→ **WHAT NEEDS TO BE DONE**: Down to the last line, set down the material below exactly, excluding pictures.

DATA SECTION START

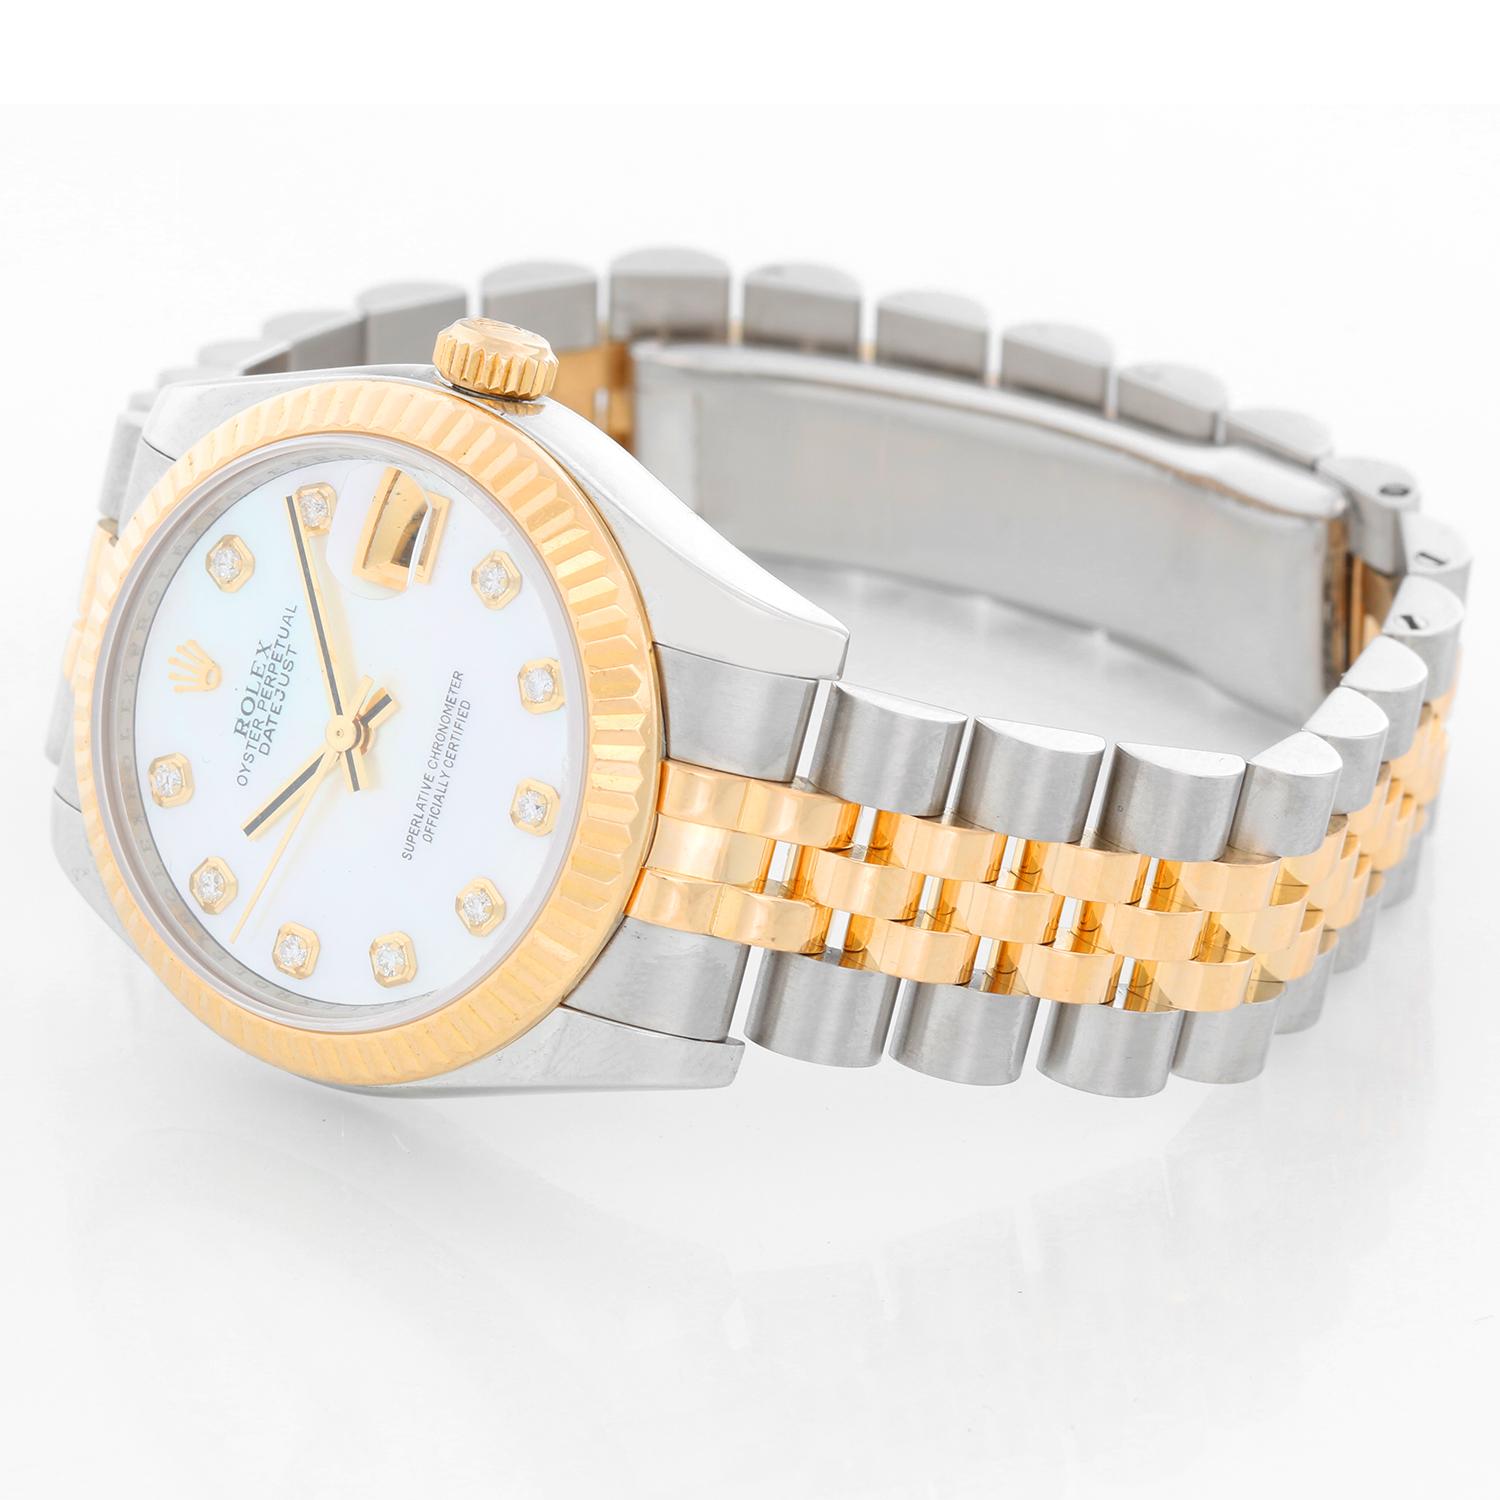 Rolex Datejust Midsize 2-Tone Watch 178273 - Automatic winding; 31 jewel; sapphire crystal. Stainless steel case with yellow gold fluted bezel.. Custom Mother of Pearl . Stainless steel hidden-clasp Jubilee bracelet. Pre-owned with Rolex box and
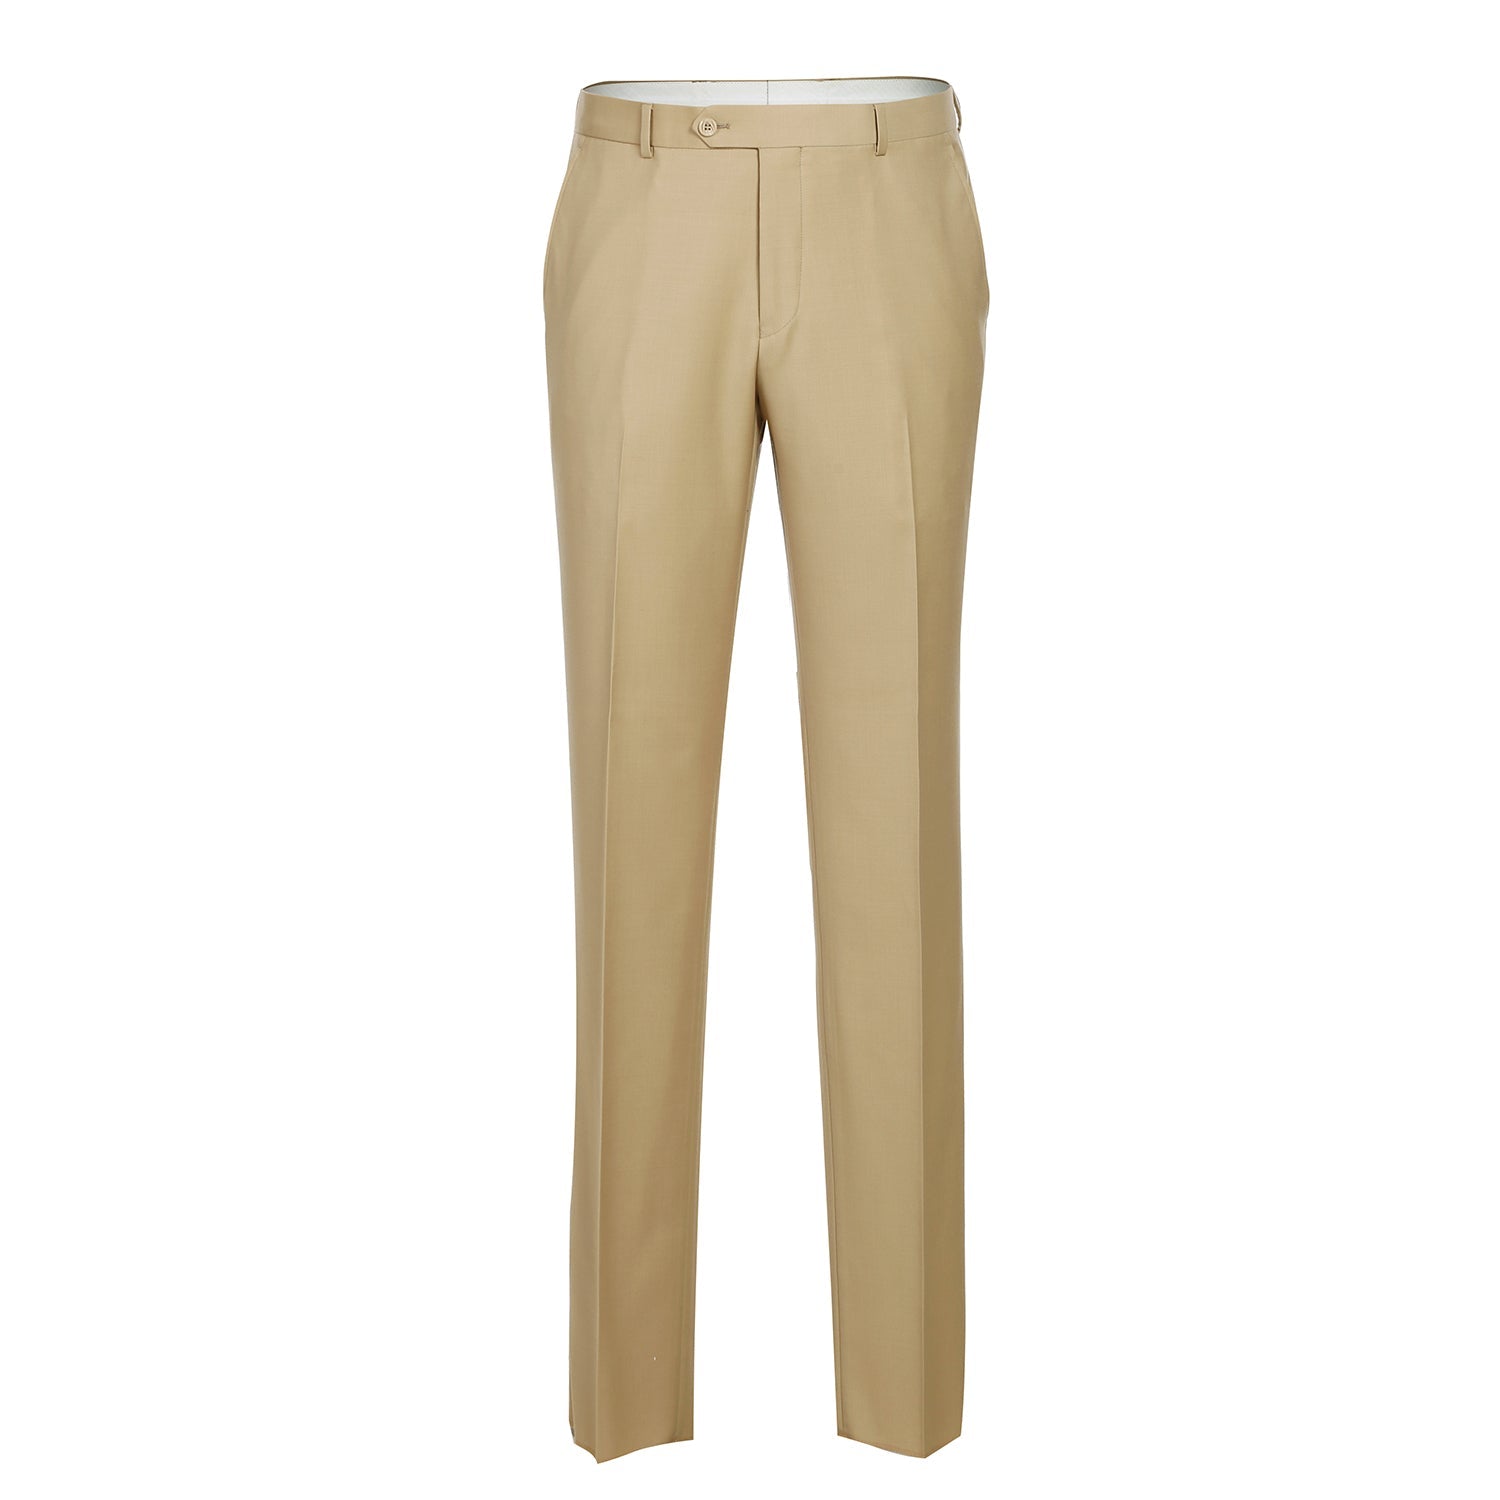 Super 140s Wool 2-Button SLIM FIT Suit in Tan (Short, Regular, and Long Available) by Renoir
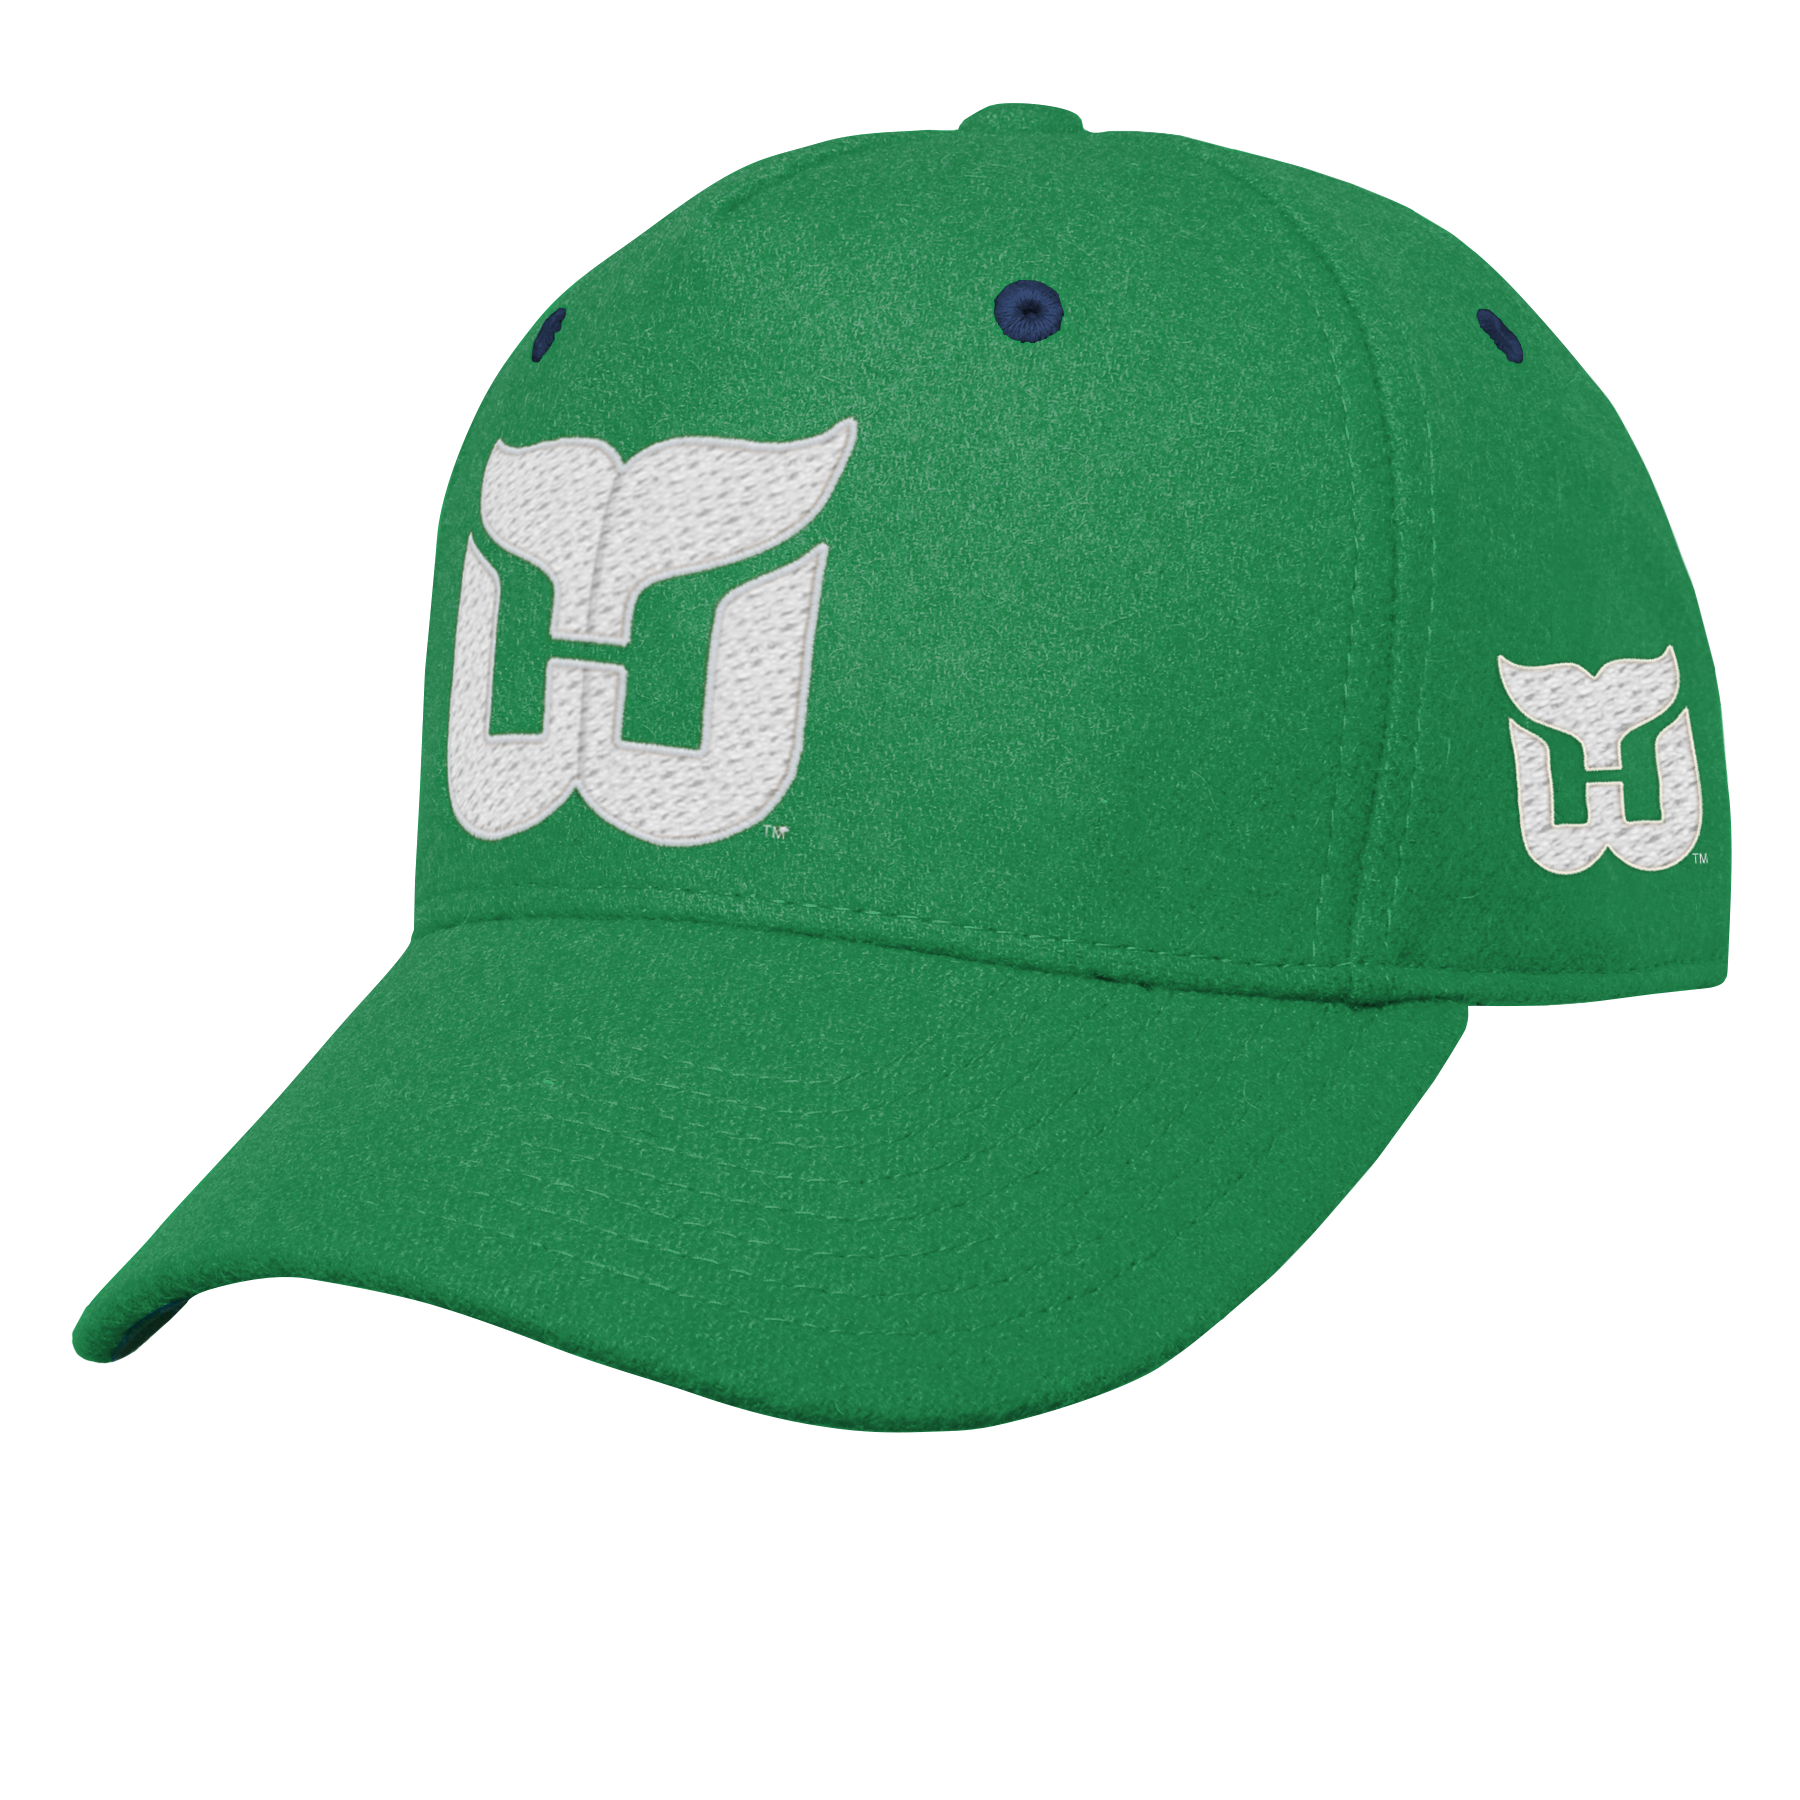 Outerstuff Precurved Snapback Hat - Dallas Stars - Youth

DATA SECTION END

→ **PROBLEM SOLUTION**:
 Rolex Datejust Midsize 2-Tone Watch 178273 - Automatic winding; 31 jewel; sapphire crystal. Stainless steel case with yellow gold fluted bezel.. Custom Mother of Pearl . Stainless steel hidden-clasp Jubilee bracelet. Pre-owned with Rolex box and
 Super 140s Wool 2-Button SLIM FIT Suit in Tan (Short, Regular, and Long Available) by Renoir
 Outerstuff Precurved Snapback Hat - Dallas Stars - Youth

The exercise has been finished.